Thursday, June 27, 2019

The '$' As The JSON Document

Recently on Stackoverflow was a question about the handling of  a JSON document stored in a MySQL Database. The data looked like this:

[{"name":"cdennett","address":"123 street","Postcode":"ABCDE"}]

The data above is valid JSON. That data is in an array because it is surrounded by []s while objects are surrounded by {}s. And the author was trying to use the following JSON_TABLE function

SELECT people.* 
FROM t1, 
     JSON_TABLE(json_col, '$.people[*]' 
COLUMNS (
                name VARCHAR(40)  PATH '$.name',
                address VARCHAR(100) PATH '$.address')
     ) people;

Some you who have been using the JSON data type are probably smiling at the code above.It is a simple problem caused by confusion about the path of the JSON document. The problem is the way the data is referenced. Or to put it another way the path to the document is wrong. And, sadly, you probably only run into this after getting confused and having to learn the proper way to look at the path of a JSON document.

'$' is Your Document

The '$' character refers to the entire document. Is we use JSON_EXTRACT or the arrow operator it is easy to retrieve the entire document. 

 select json_extract(json_col,'$') from t1;
+----------------------------------------------------------------------+
| json_extract(json_col,'$')                                           |
+----------------------------------------------------------------------+
| [{"name": "cdennett", "address": "123 street", "Postcode": "ABCDE"}] |
+----------------------------------------------------------------------+

Or we could use the shortcut method  select json_col->"$" from t1; to get the same results.
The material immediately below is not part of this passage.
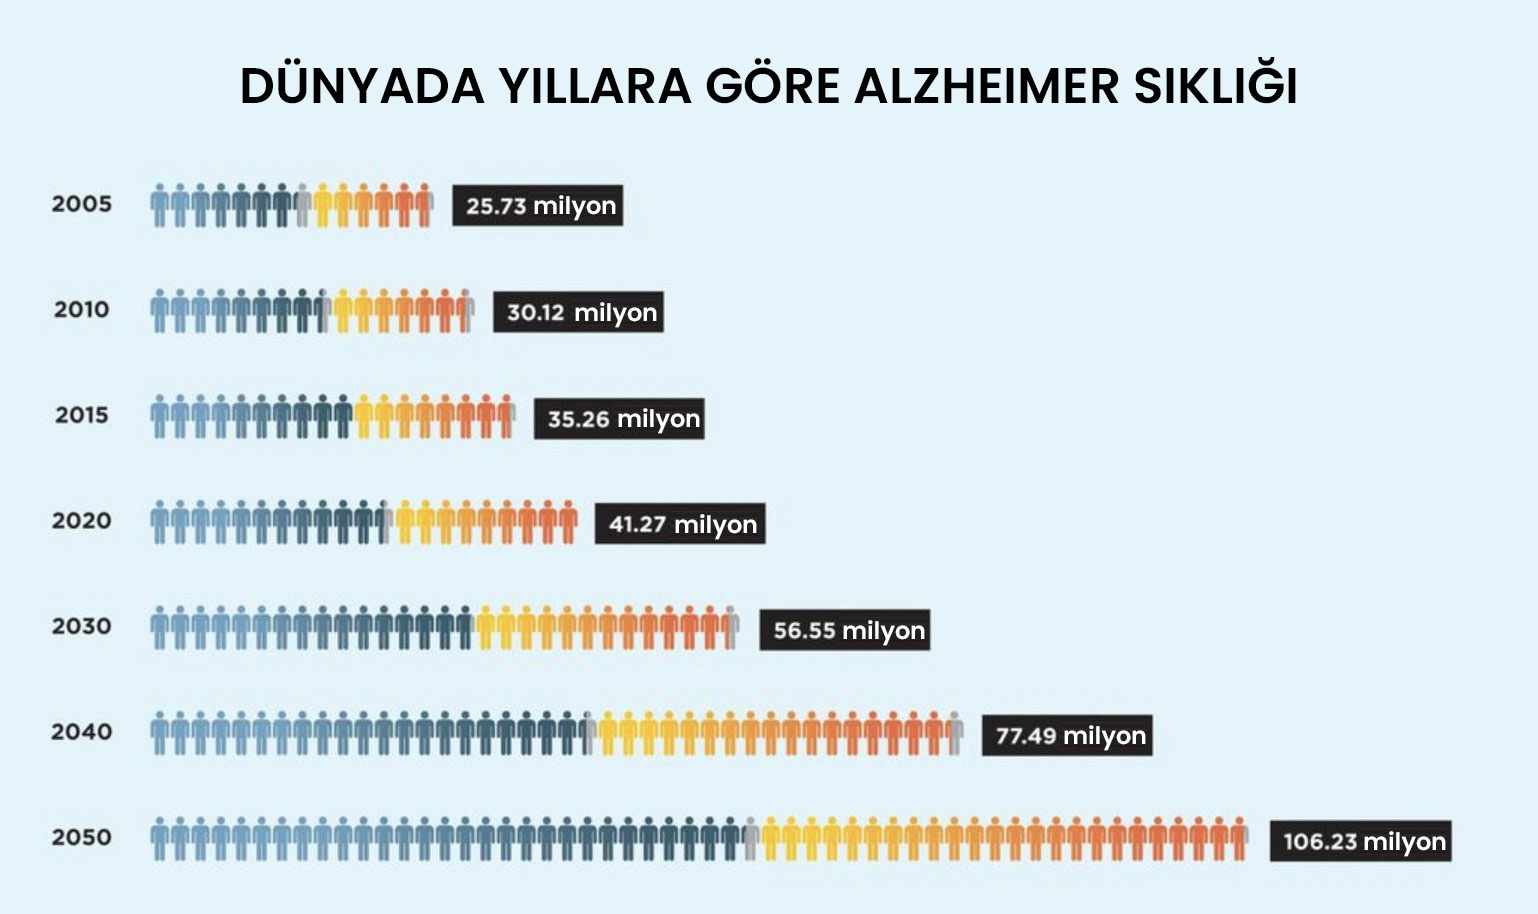 Dünyada yıllara göre Alzheimer sıklığı

Where this gets confusing is if you use a function like JSON_KEYS like such:

select JSON_KEYS(json_col) from t1x;
+---------------------+
| JSON_KEYS(json_col) |
+---------------------+
| NULL                |
+---------------------+

Why did we get a NULL and not the same output as from the JSON_EXTRACT?  Well, JSON_KEYS will return null if a) any argument is NULL, the document in question is not an object, or a path.  And an array is not an object.
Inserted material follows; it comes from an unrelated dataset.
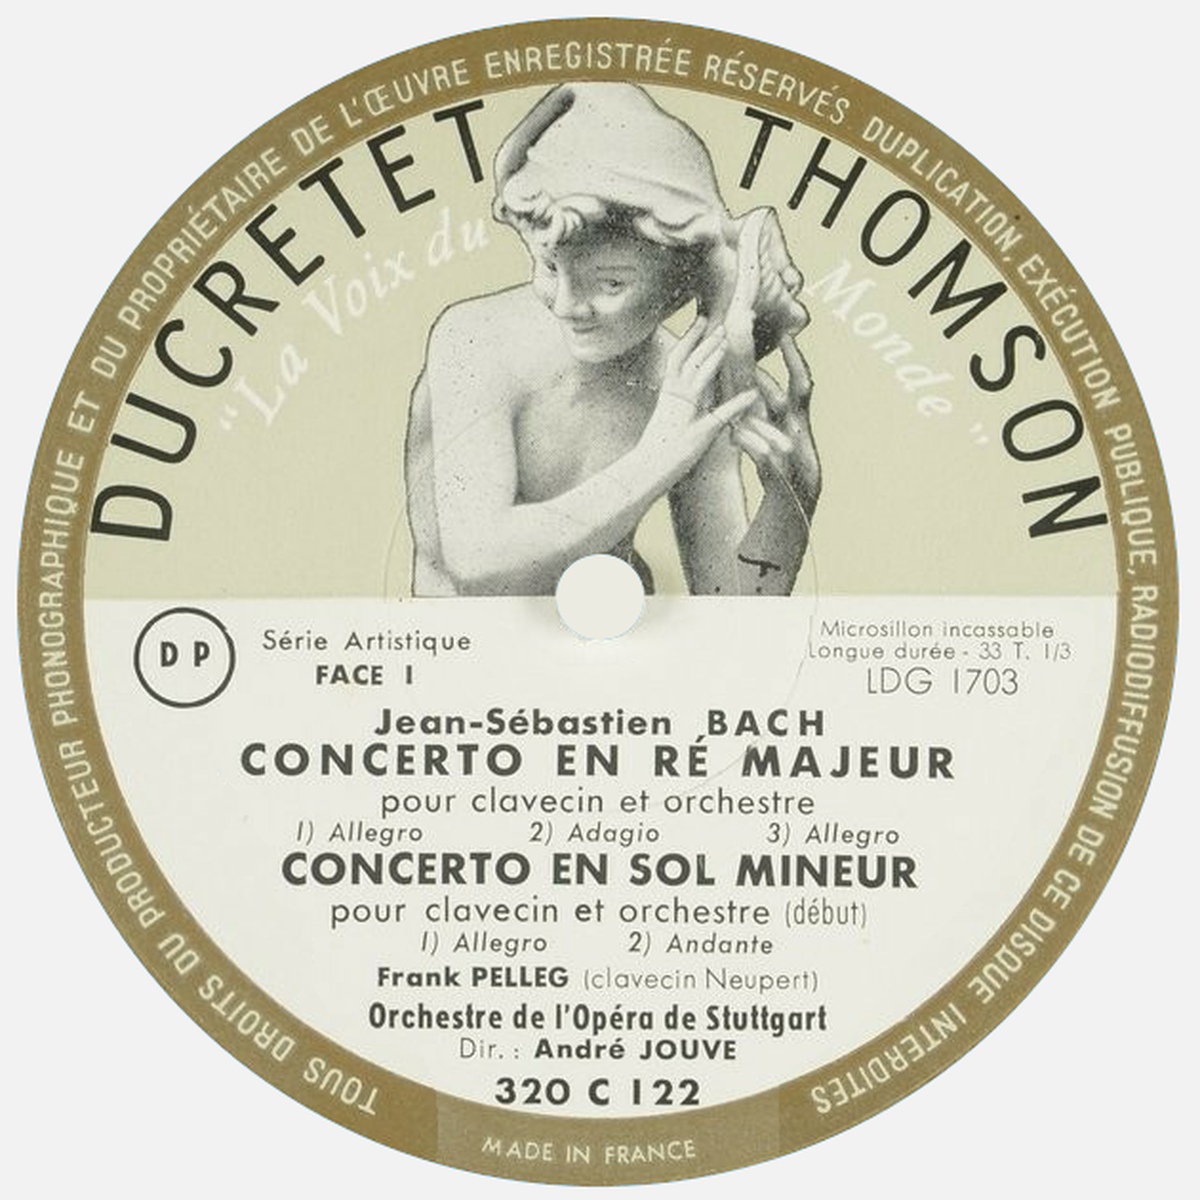 Étiquette recto  du disque Ducretet-Thomson 320 C 122, Cliquer sur la photo pour une vue agrandie et quelques infos

But other functions are not bothered by the fact that the document is not an object.

select json_pretty(json_col) from t1;
+------------------------------------------------------------------------------------------+
| json_pretty(json_col)                                                                    |
+------------------------------------------------------------------------------------------+
| [
  {
    "name": "cdennett",
    "address": "123 street",
    "Postcode": "ABCDE"
  }
] |
+------------------------------------------------------------------------------------------+

So if '$' is [{"name":"cdennett","address":"123 street","Postcode":"ABCDE"}] how do we 'peel off one onion layer' to get to the {"name":"cdennett","address":"123 street","Postcode":"ABCDE"}?

The contents of the first array is denoted as $[0].

'$' is [{"name":"cdennett","address":"123 street","Postcode":"ABCDE"}]
and
'$[0] is {"name":"cdennett","address":"123 street","Postcode":"ABCDE"}
and
'$[0].name is "cdbennet"

So if we refer back to the code snippet from Stackoverflow, it becomes evident that the path was certainly not '$.people[*]' but '$[*]' or '$[0]'.

Conclusions

So we end up with two conclusions. First is that to remember that '$' refers to the entire document and walking down the document of the structure means walking down a path that starts at '$'. And second, you might want to consider not burring things in a top level array.